ある新築木造戸建て住宅。引き渡しから約半年後、施主から「雨の日の夜だけ、突然家全体の電気が消えて(漏電ブレーカー作動)困っている」という連絡が入った。 電気工事店が訪問し、漏電している回路(分岐回路)を特定するために絶縁抵抗測定(メガー)を実施。晴れている日は数値が良い(メガオーム単位)が、雨が降り壁裏の湿度が高くなると、2階エアコン用回路の絶縁抵抗値が「0.05MΩ」以下に低下し、完全に漏電(地絡)していることが判明した。

壁を一部開口して配線ルートを調査したところ、柱に這わせて固定していたVVFケーブル(2.0mm-2C)の固定箇所でトラブルが起きていた。 VVFを木柱に固定するための金属製ステップルが、ハンマーの叩きすぎによってシースを突き破り、中の黒色被覆に食い込んで、銅導体に接触していた。

【漏電ルート】
通電 ➔ 銅導体 ➔ 金属ステップル ➔ 雨で濡れた木柱 ➔ 住宅の基礎アース ➔ 漏電ブレーカー作動!

施工時の作業者のハンマー加減のミスが、半年後に雨水をきっかけとして深刻な漏電トラブルを引き起こした事例だ。
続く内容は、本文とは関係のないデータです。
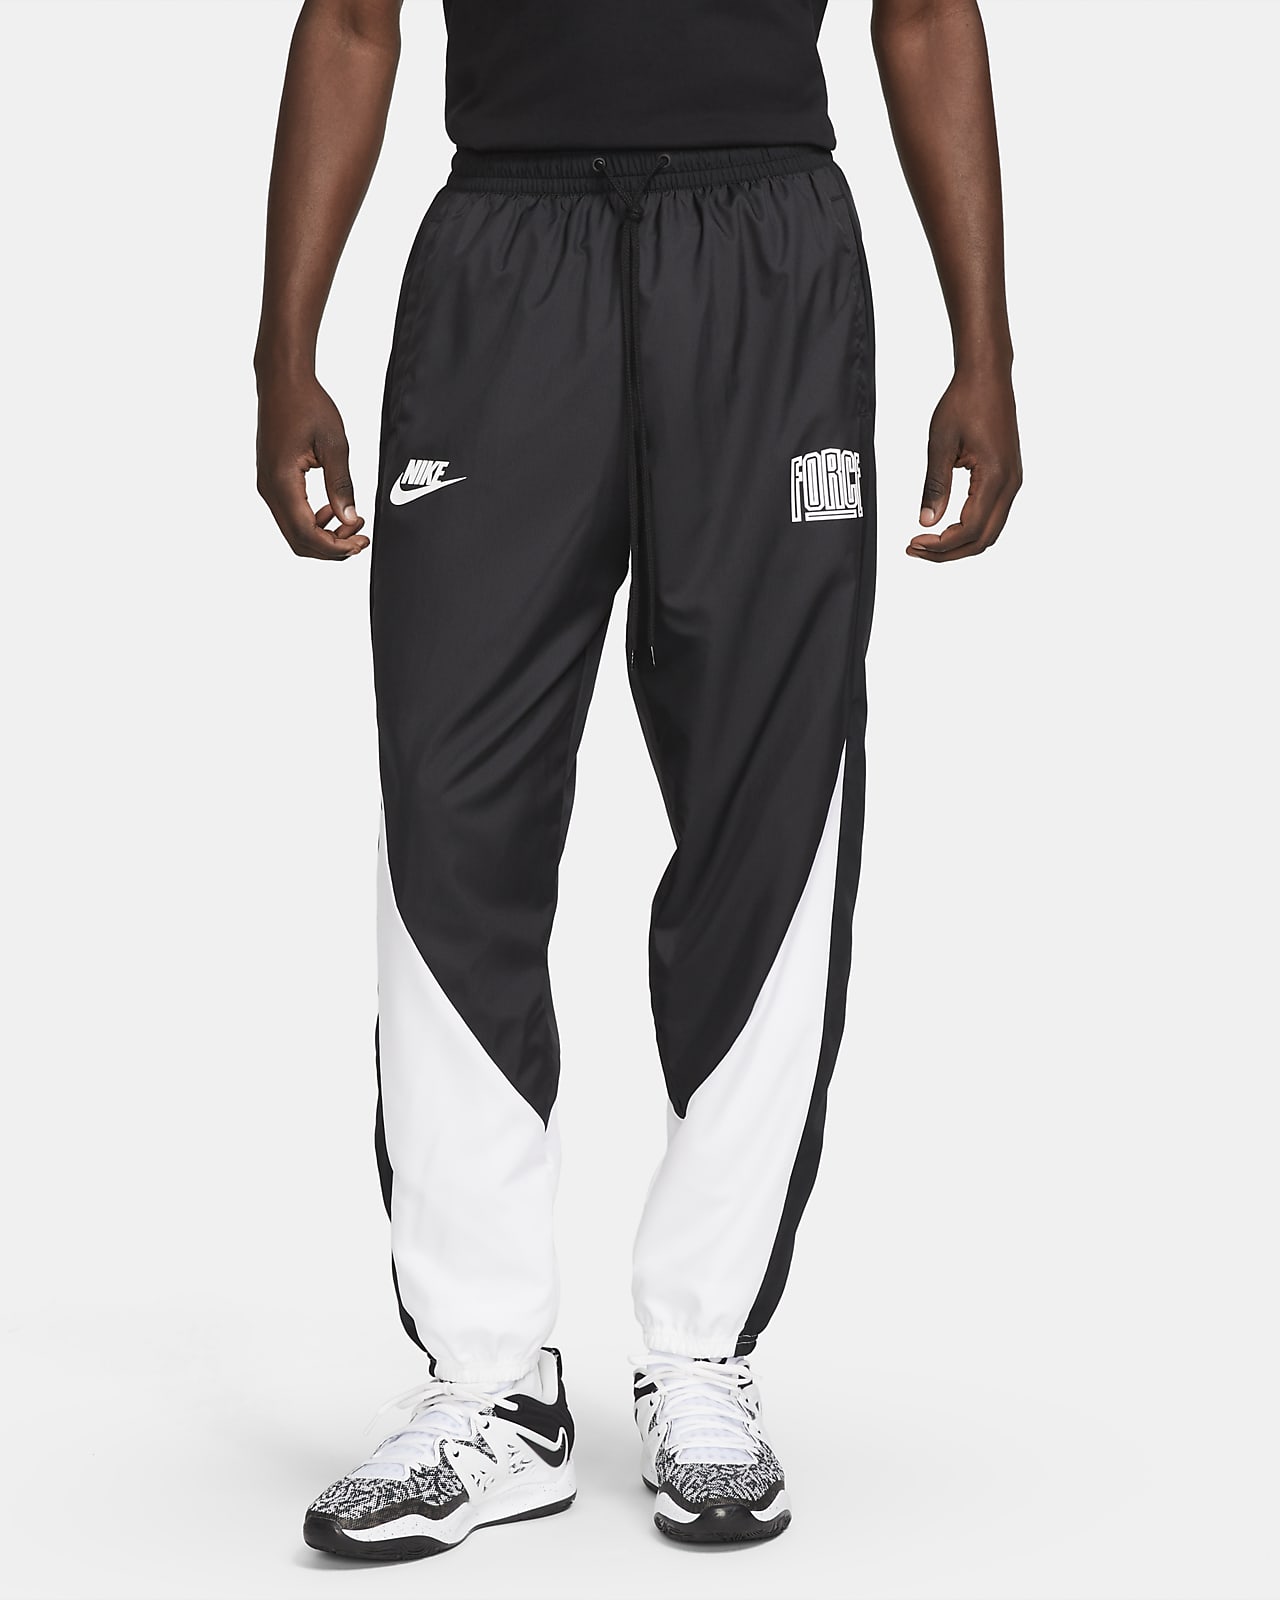 Pantaloni da basket Nike Starting 5 – Uomo

2. なぜ起こる?ステップル打ちすぎによる被覆破壊のステップ

ステップル固定は非常にシンプルな作業ですが、金属製ステップルは両端が鋭利なクギ形状になっているため、ハンマーの打ち方を誤ると刃物のように電線を傷つけます。

graph TD
    A[VVFケーブルを柱に当てる] --> B[金属製ステップルをまたがせてハンマーで叩く]
    B --> C{ハンマーを強く叩きすぎる}
    C --> D[ステップルの肩がシースを押し潰す]
    D --> E[金属エッジがビニル絶縁体を貫通 ➔ 銅線に接触]
    E --> F{施工直後}
    F --> G[絶縁がギリギリ保たれ、導通検査はパス]
    E --> H{長期間の経過 湿気・温度変化}
    H --> I[ステップルから木柱へ漏電 ➔ 漏電ブレーカー作動・木部炭化]

① シースの変形とエッジの食い込み

VVFのグレーの外皮(シース)はポリ塩化ビニル(PVC)でできており、弾力性があります。しかし、ステップルを力任せに打ち込むと、シースが過度に圧縮され、ステップルの内側カド(プレスで打ち抜かれた鋭利な角)がシースを切り裂くように食い込みます。

② 内線被覆の裂け

外シースを貫通したステップルは、さらに内部の銅線を直接保護している絶縁体(黒・白・赤のビニル被覆)を押し潰します。これによりビニルが横に逃げて薄くなり、最終的に金属ステップルが直接「銅線」に触れてしまいます。

③ 施工直後の検査の罠

被覆に傷が入っていても、ステップルの金属部が「黒線」だけに接触し「白線」に接触していなければ、ショート(異相間短絡)はしません。また、木材が乾燥していれば地絡電流も極めて微小なため、新築時の検査(メガ測定)をすり抜けてしまうことが、このやらかしの最も厄介なポイントです。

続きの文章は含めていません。